Aim of the exercise:
Exactly as written, return every line of the data below apart from the pictures.

Given information:

------------

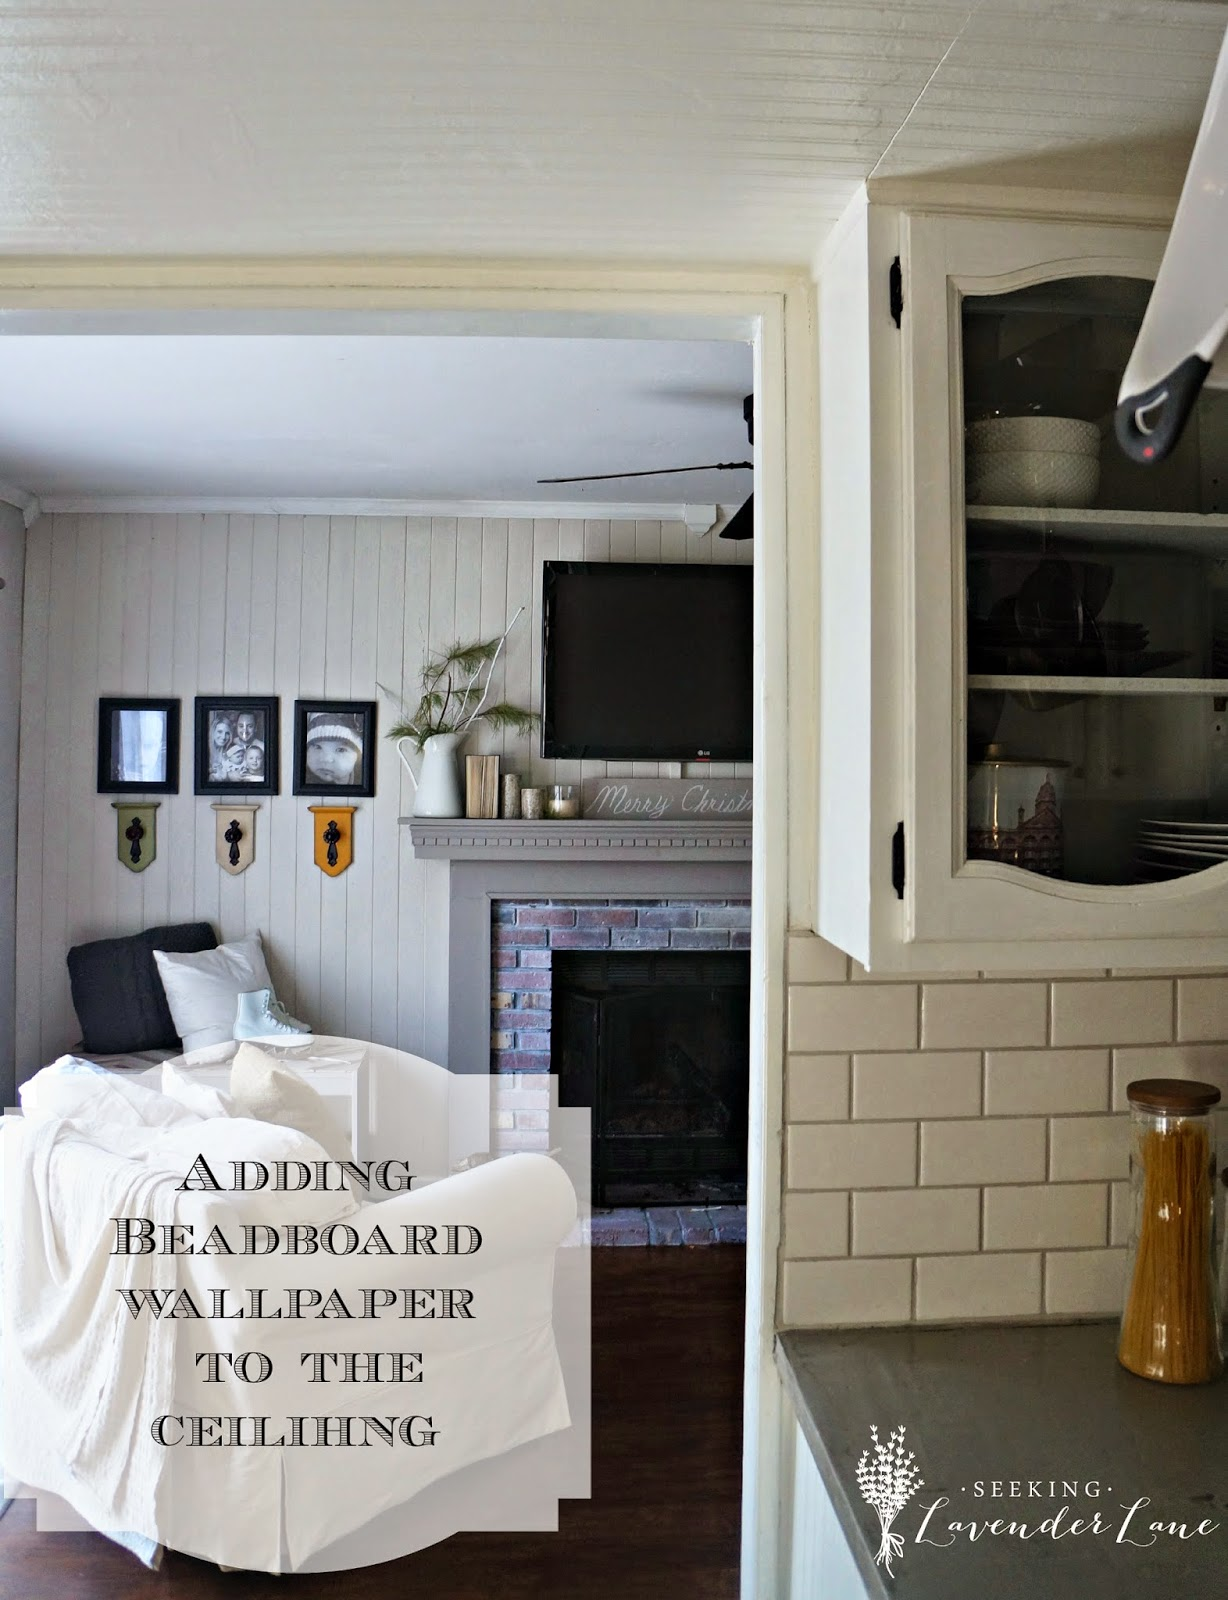 Adding Beadboard Wallpaper to our Kitchen Ceiling - Seeking Lavendar on beadboard kitchen walls, beadboard butcher block kitchen, beadboard kitchen cabinets,
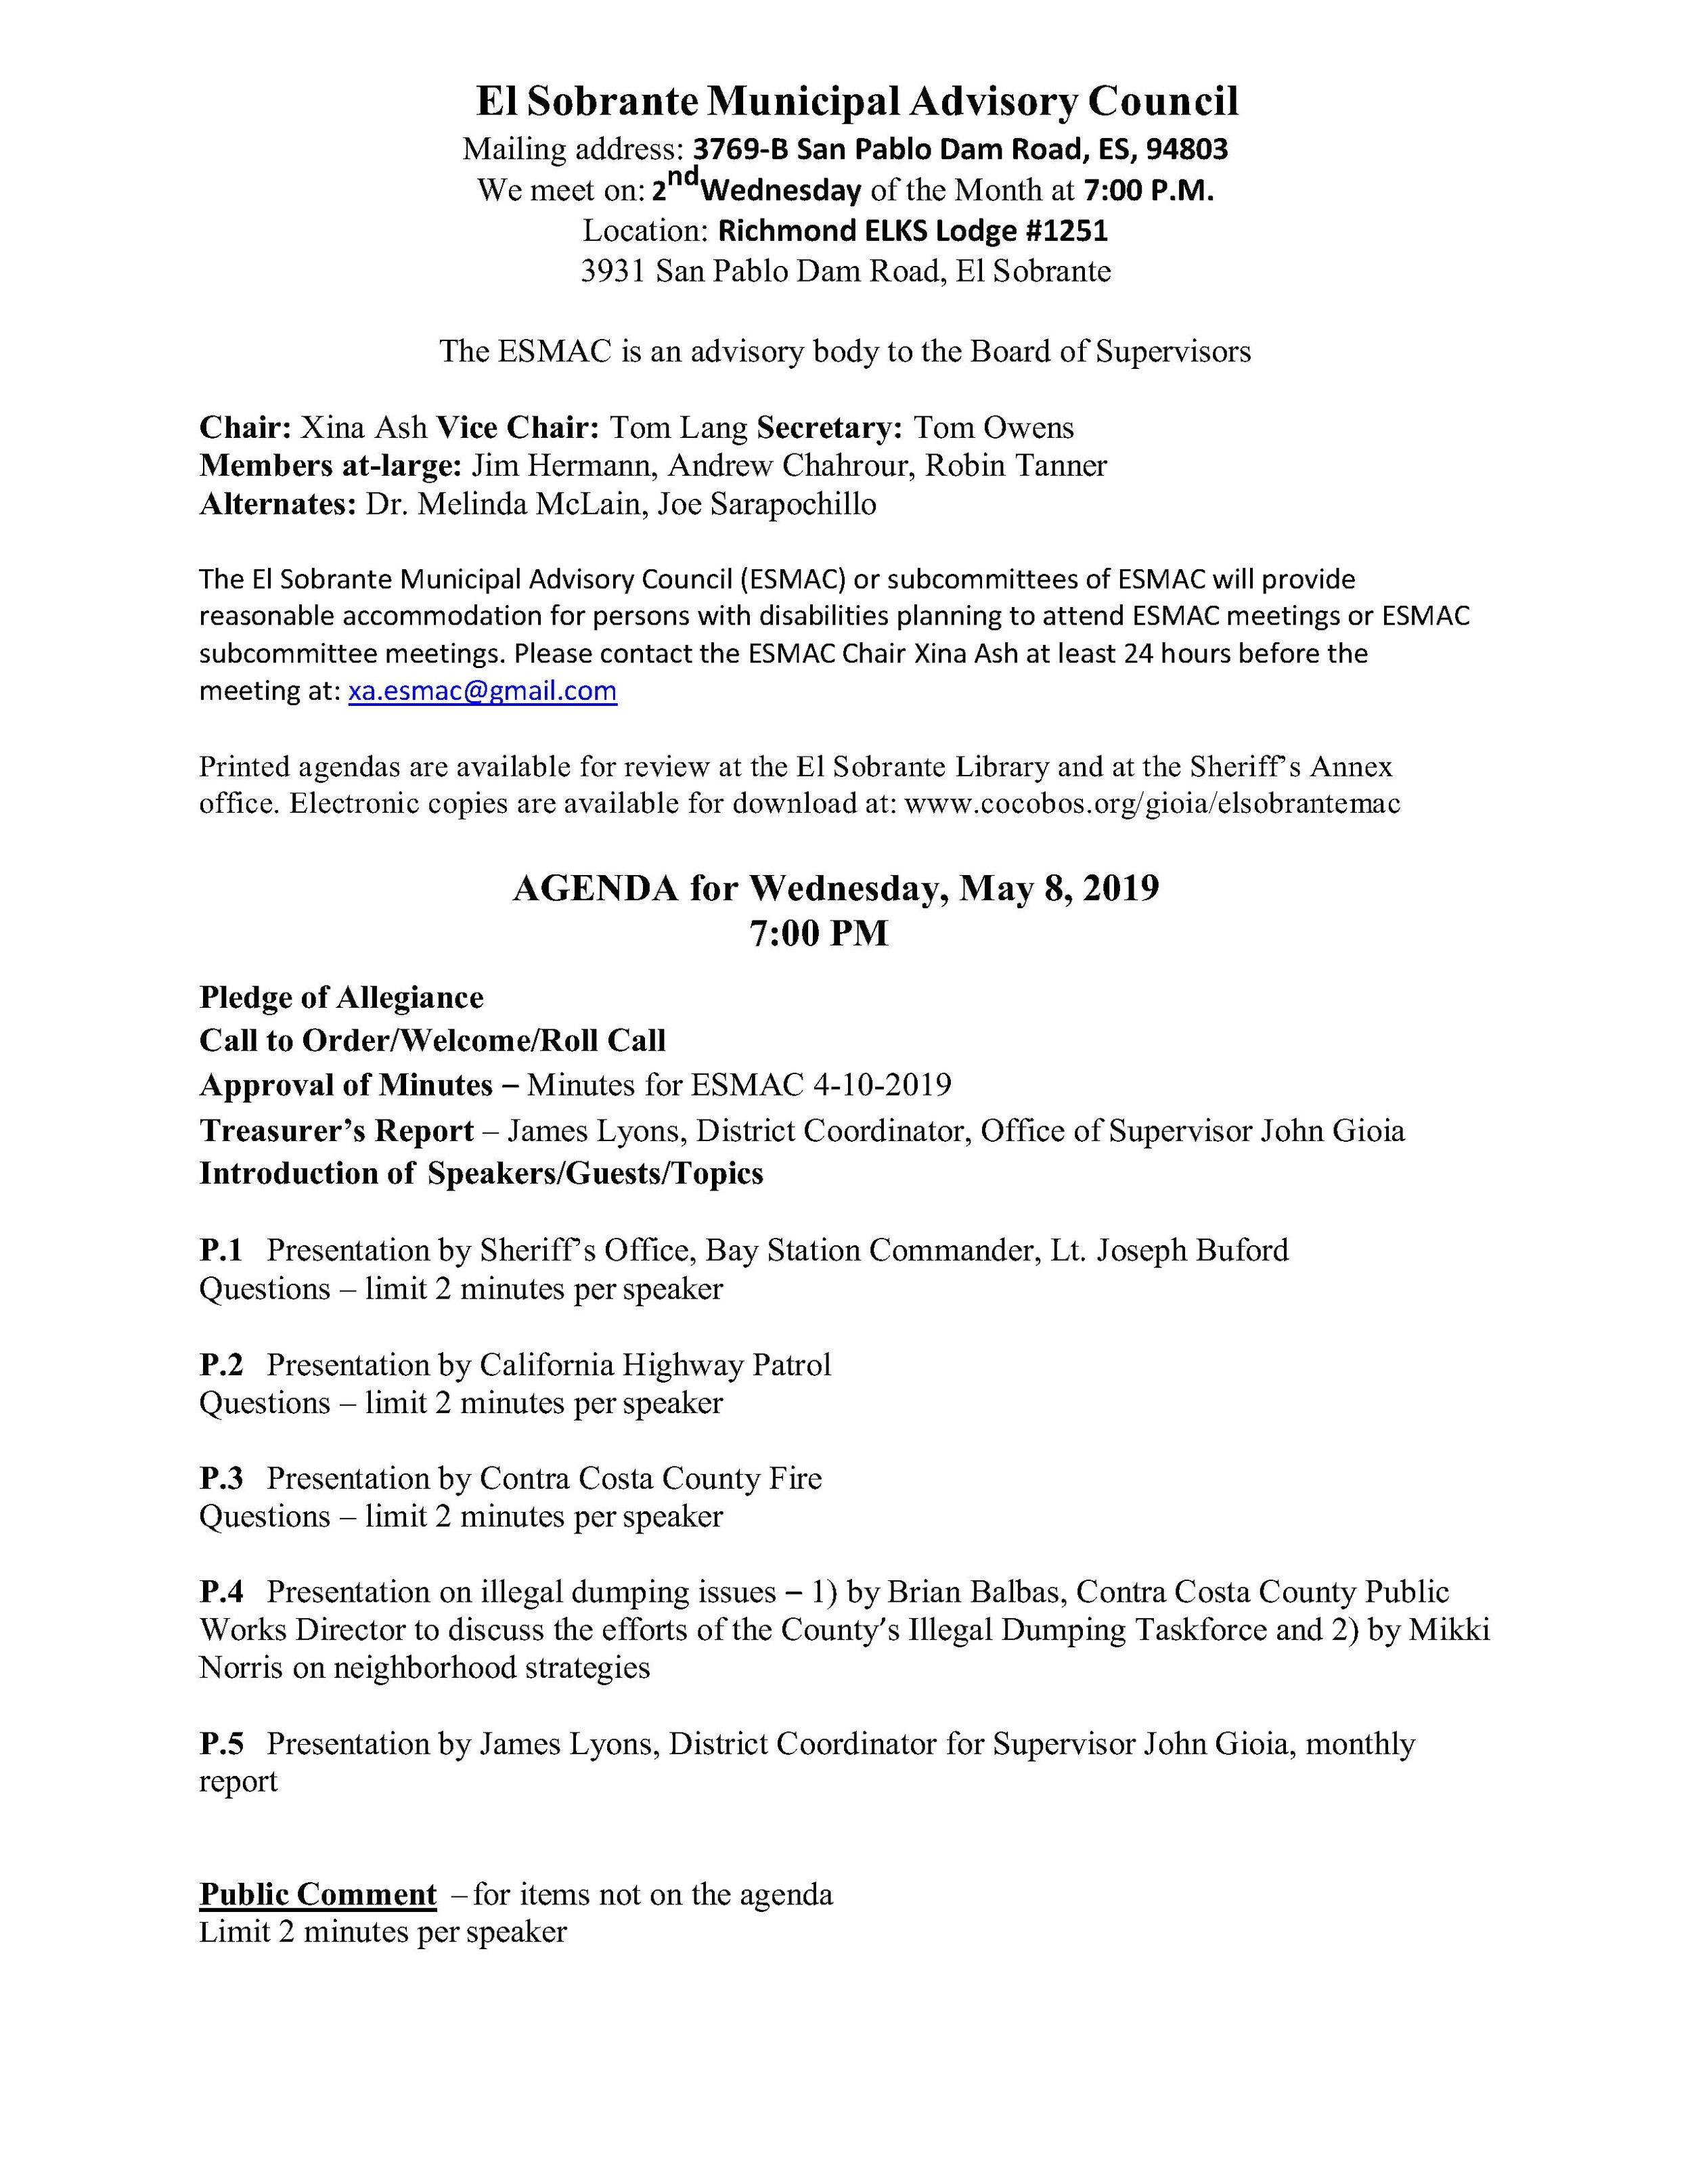 ESMAC Agenda 5.8.2019b_1.jpg
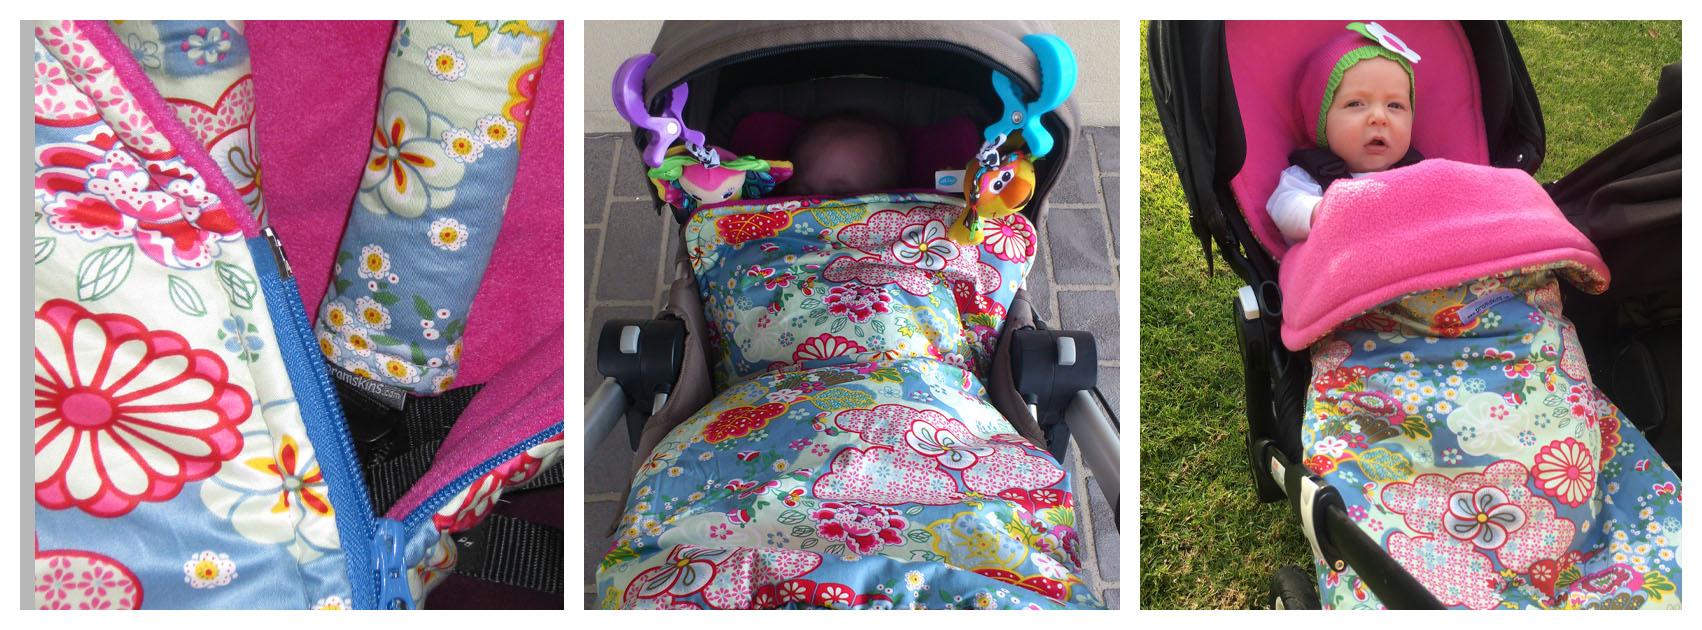 snuggle-bag-footmuff-baby-jogger-kimono-blue.jpg

------------

Reply:
 Adding Beadboard Wallpaper to our Kitchen Ceiling - Seeking Lavendar on beadboard kitchen walls, beadboard butcher block kitchen, beadboard kitchen cabinets,
 ESMAC Agenda 5.8.2019b_1.jpg
 snuggle-bag-footmuff-baby-jogger-kimono-blue.jpg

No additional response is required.